U.S. climate envoy John Kerry thanked Europeans on Thursday for keeping up the fight to slow global warming during the Trump administration and said the U.S. must recover lost time in the effort.

Kerry spoke remotely to an Italian climate meeting, in his first international address for the Biden administration. He said the United States was returning to the Paris climate accord with humility and ambition.

President Joe Biden signed an executive order hours after his inauguration on Wednesday, starting the process of getting the United States back into the nearly 200-country U.N. climate treaty.
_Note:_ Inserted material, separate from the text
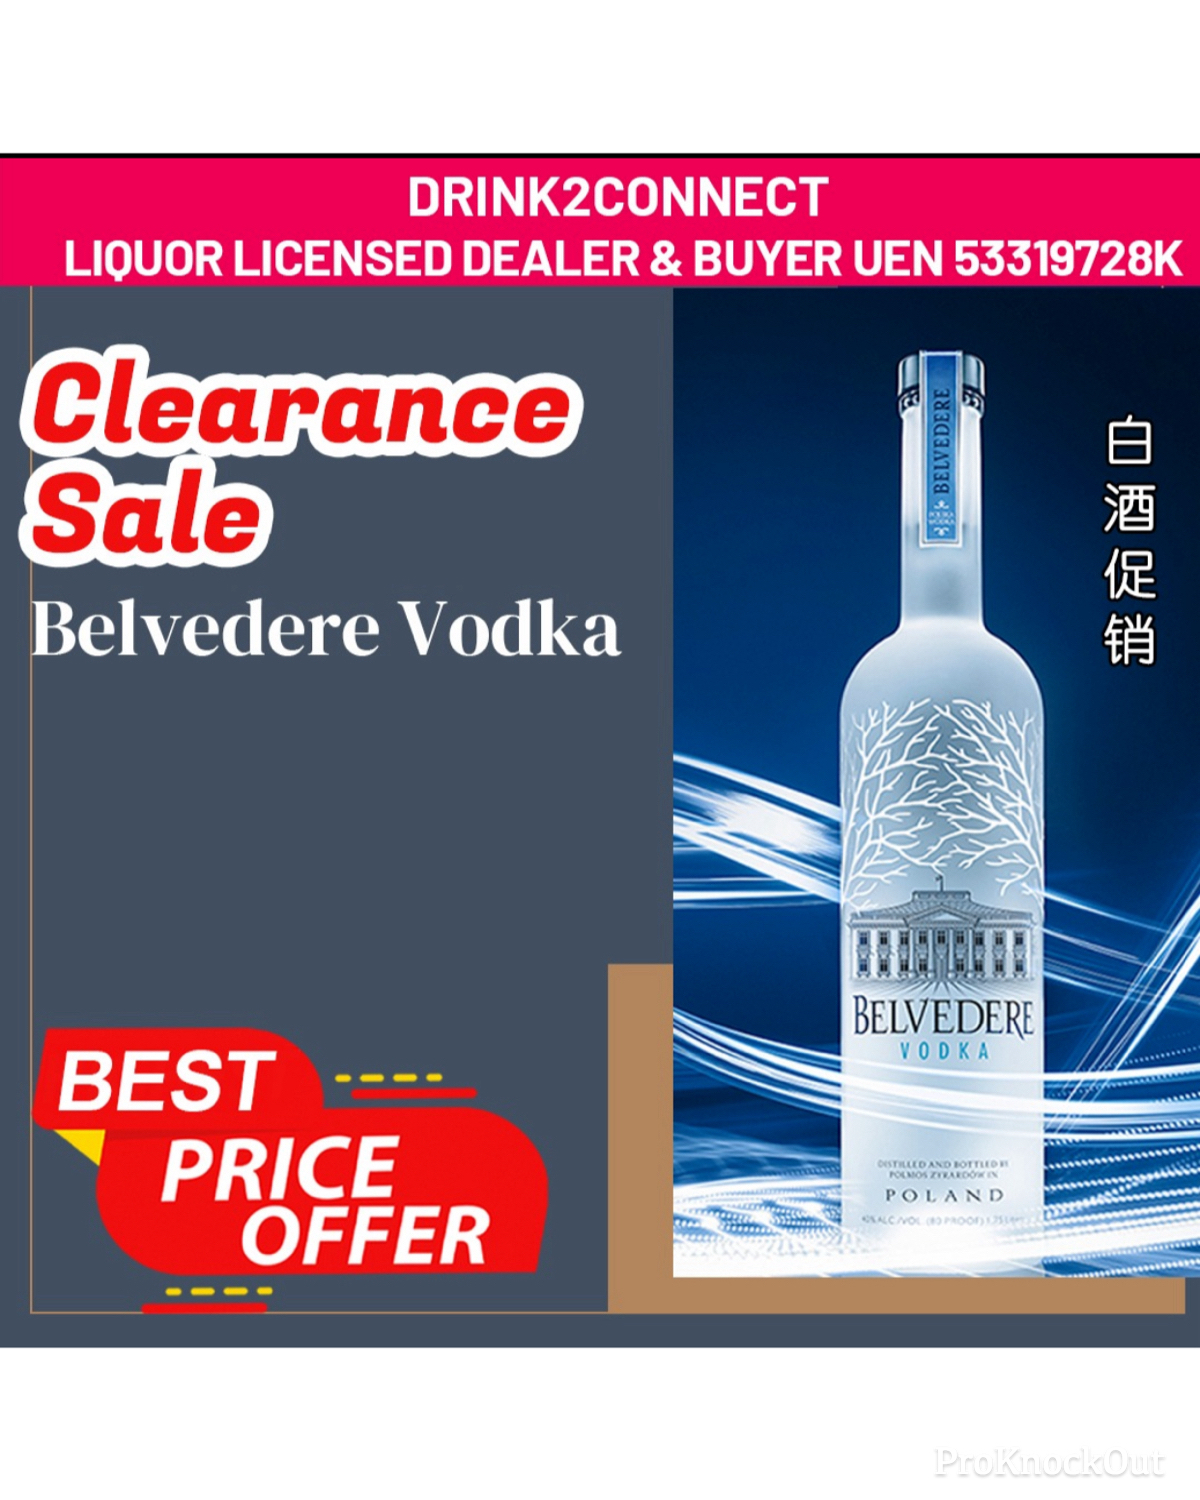 700ml Belvedere Vodka/Vodka Sale Online/Vodka Price Online

Countries in the accord commit to setting goals to cut climate-damaging fossil fuel emissions and to monitor and report their emissions.
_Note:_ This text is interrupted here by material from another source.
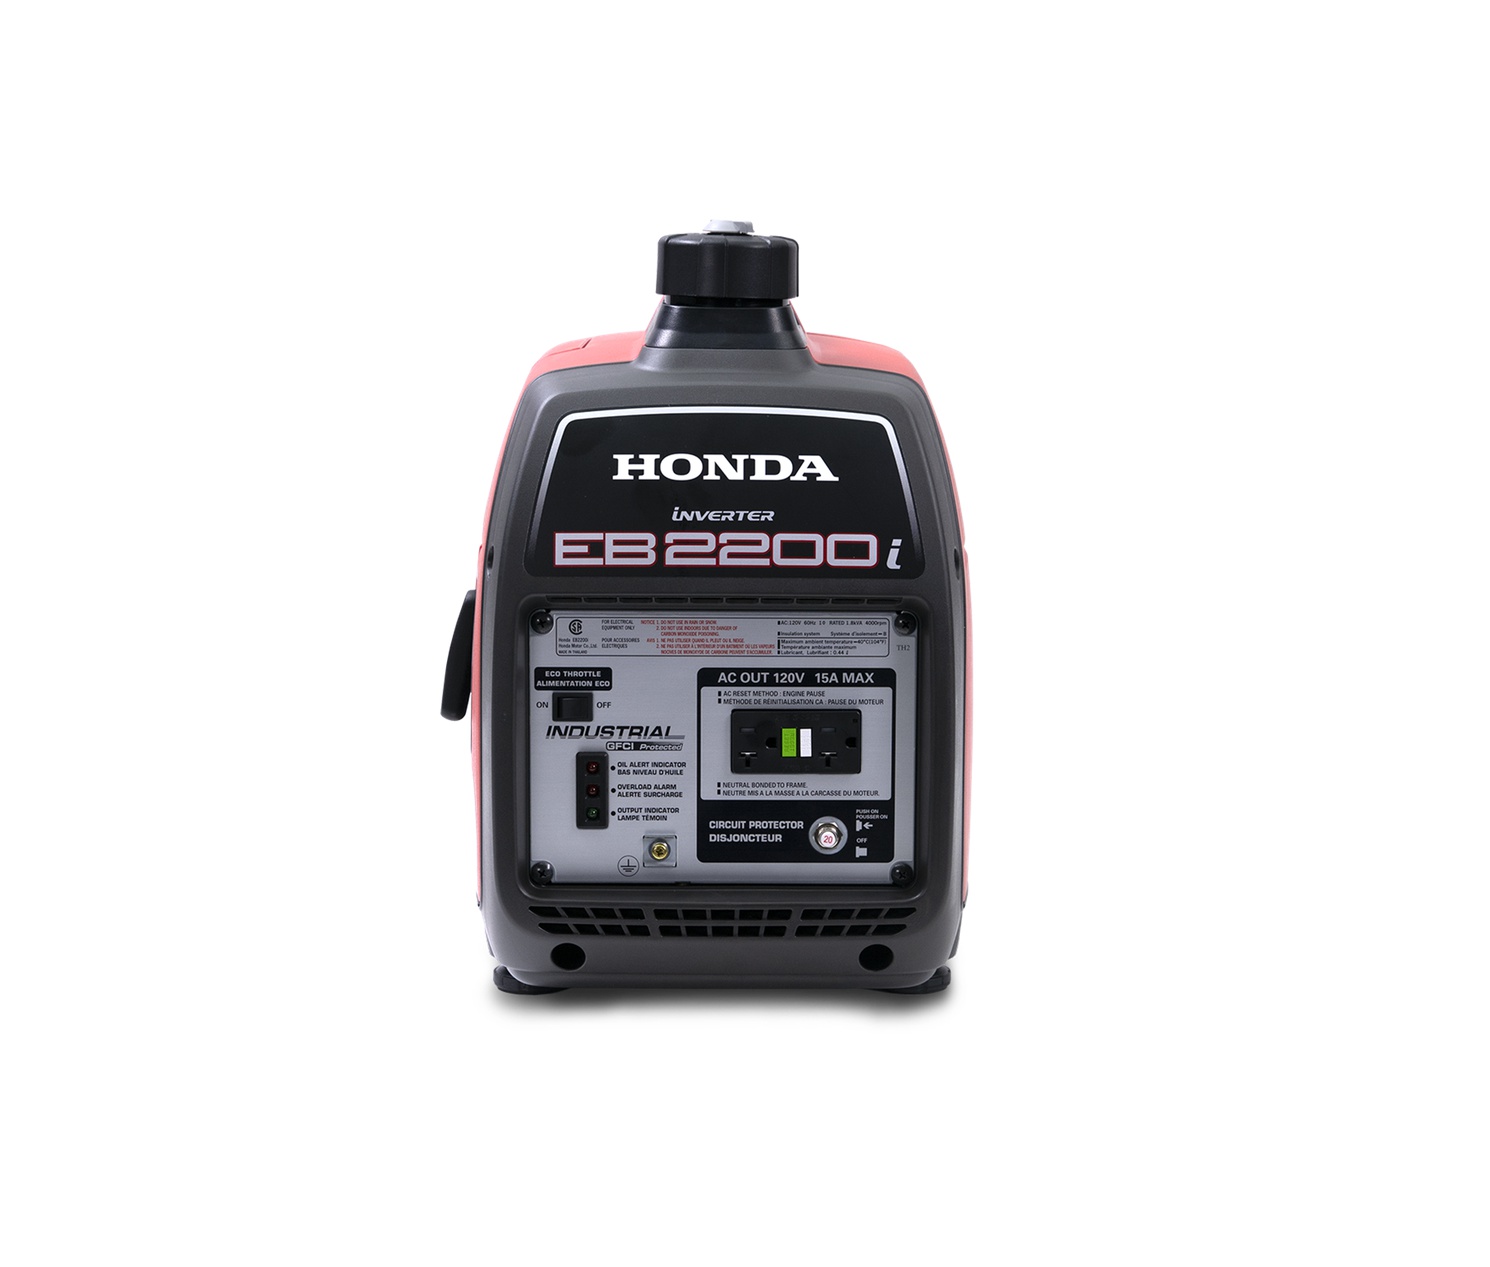  Honda Generators EB2200iTC

Biden’s predecessor, President Donald Trump, had pulled the U.S. from the landmark Paris climate agreement, framing his decision as “a reassertion of America’s sovereignty.” Trump’s move had struck a major blow to worldwide efforts to combat global warming and distanced the nation from its closest allies.
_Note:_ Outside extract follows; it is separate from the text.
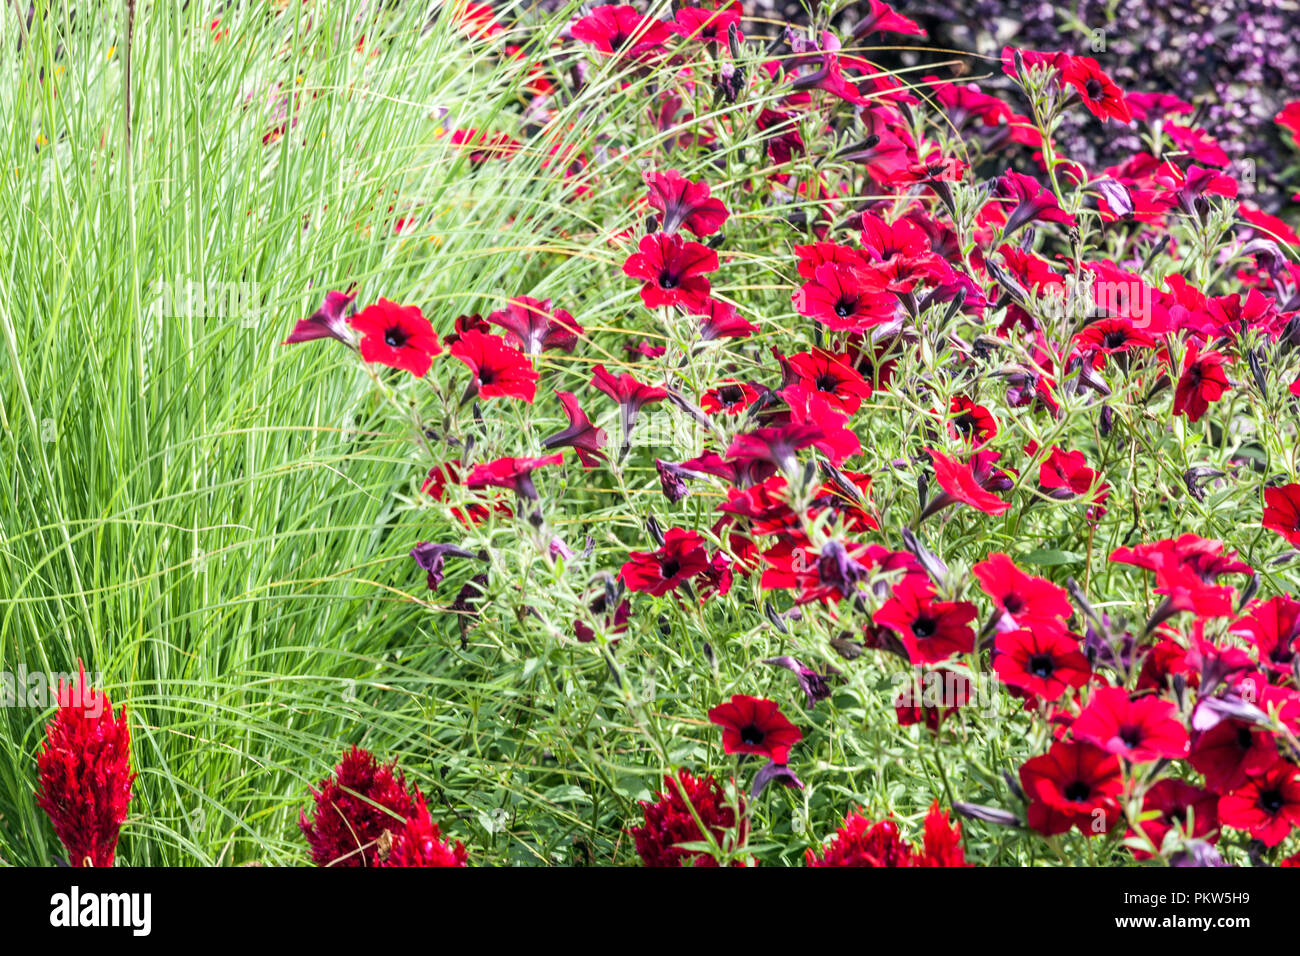 Una combinación colorida de un lecho de flores de verano en un jardín, Celosia, petunia, césped ornamental, precioso jardín de flores Foto de stock

Biden has put Kerry, the secretary of state under President Barack Obama, in charge of climate and national security issues.

Kerry told the Italian summit that the United States was going back to work after four wasted years, in remarks carried by European news services. “Failure is not an option,” Kerry said.

He expressed thanks to Europe as a whole for the steps European nations have taken to cut oil, gas and coal pollution.